Need working Rust code for creating/editing files on ESP (EFI System Partition) in Windows

help
1

Hello everyone!

I am writing a utility in Rust for creating/editing files on the EFI System Partition (ESP) under Windows (creating/editing a file on the FAT32 ESP partition). Reading and backing up work fine, but when I try to write, I run into Windows system protection: I get ERROR_ACCESS_DENIED (code 5) when writing via .\PhysicalDriveN, even with administrator rights.

What has already been done:
• ESP search via GPT has been implemented in Rust:
• I open .\PhysicalDriveN, read GPT (EFI PART), and search for a partition of type C12A7328-F81F-11D2-BA4B-00A0C93EC93B.
• I calculate start_lba and length_lba, read ESP into memory (works stably).
• Implemented volume enumeration (FindFirstVolumeW/FindNextVolumeW) and mapping via IOCTL_VOLUME_GET_VOLUME_DISK_EXTENTS:
• Find the volume whose start_lba/length_lba match the ESP on the desired disk.

Tried:
• Locking and unmounting the volume (FSCTL_LOCK_VOLUME/FSCTL_DISMOUNT_VOLUME) — on the volume descriptor; Windows returns ERROR_ACCESS_DENIED.
• Write directly to .\PhysicalDriveN with FILE_FLAG_NO_BUFFERING|WRITE_THROUGH, aligned to sector size — ERROR_ACCESS_DENIED on WriteFile.
• Opening the physical disk with GENERIC_ALL does not help, it falls back to GENERIC_READ|GENERIC_WRITE, writing is still prohibited.
• Dry-run mode (all FAT32 logic in memory) is fully functional: I create/edit a file, correctly update FAT/directories, etc.

Log/symptoms (abbreviated):
• ESP: PhysicalDrive0, start_lba=2048, length_lba=204800, 512 B/sector.
• ESP volume is located correctly: ?\Volume{...}, start_lba=2048, length_lba=204800.
• FSCTL_LOCK_VOLUME on the volume returns 5 (Access denied).
• Writing to .\PhysicalDrive0 at offset start_lba*sector_size — WriteFile -> 5 (Access denied).

Environment:
• Windows 11 x64, running with administrator privileges.
• Rust: 1.78+ (stable), windows library for WinAPI.
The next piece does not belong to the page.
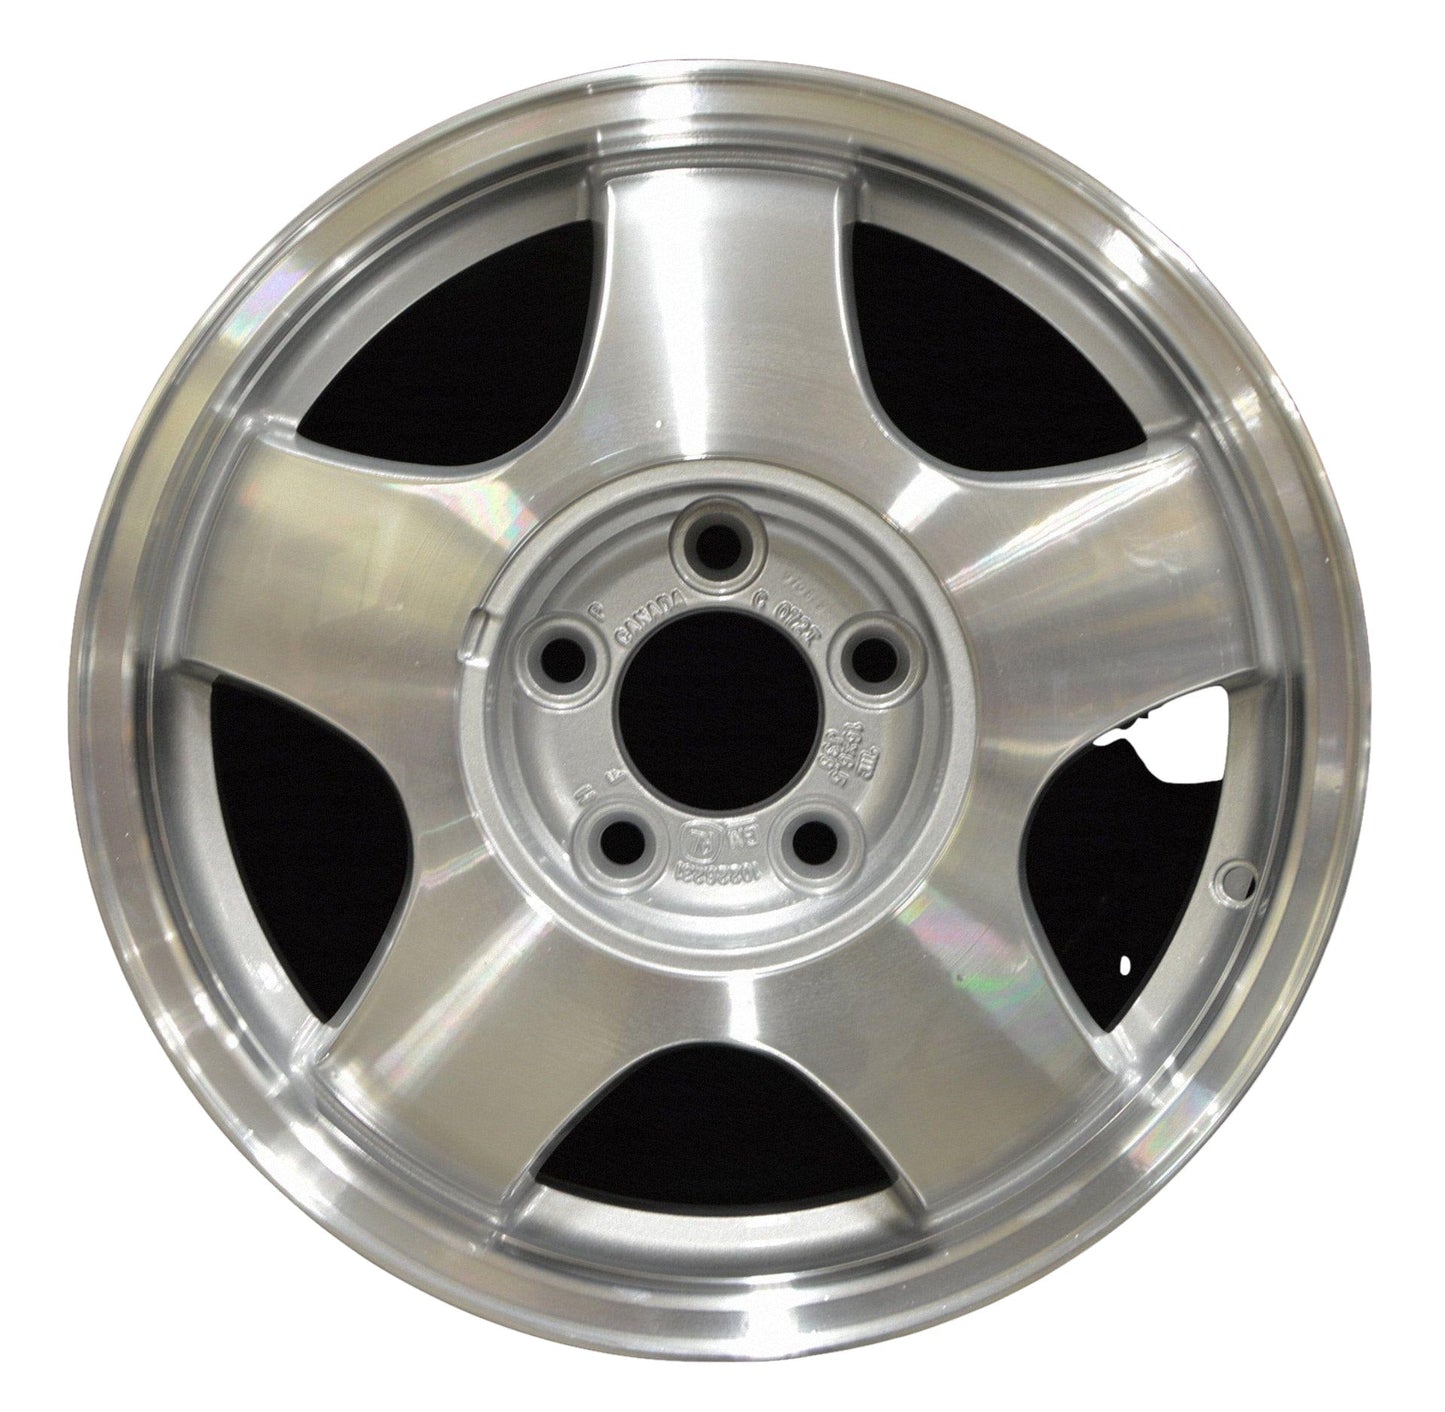 Chevrolet Monte Carlo  1998, 1999 Factory OEM Car Wheel Size 16x6.5 Alloy WAO.5067.PS02.MA

Why working “through the file system” is not suitable:
• mountvol X: /s is not always available/reliable in my environment. I need a method that is guaranteed to work in headless/script mode. But if there is a reliable program through the file system without raw I/O, I will also consider it.

I would be very grateful for:
• Rust code snippets/mini-project that you actually write in ESP on Windows 10/11.
• A confirmed working sequence of API calls (FSCTL/IOCTL/privileges/mount).

2

Hey! I am no Windows API expert, and don't use Windows - but tackling the complexity is appealing to me, so I like a Windows API challenge :). I tested the below in VM.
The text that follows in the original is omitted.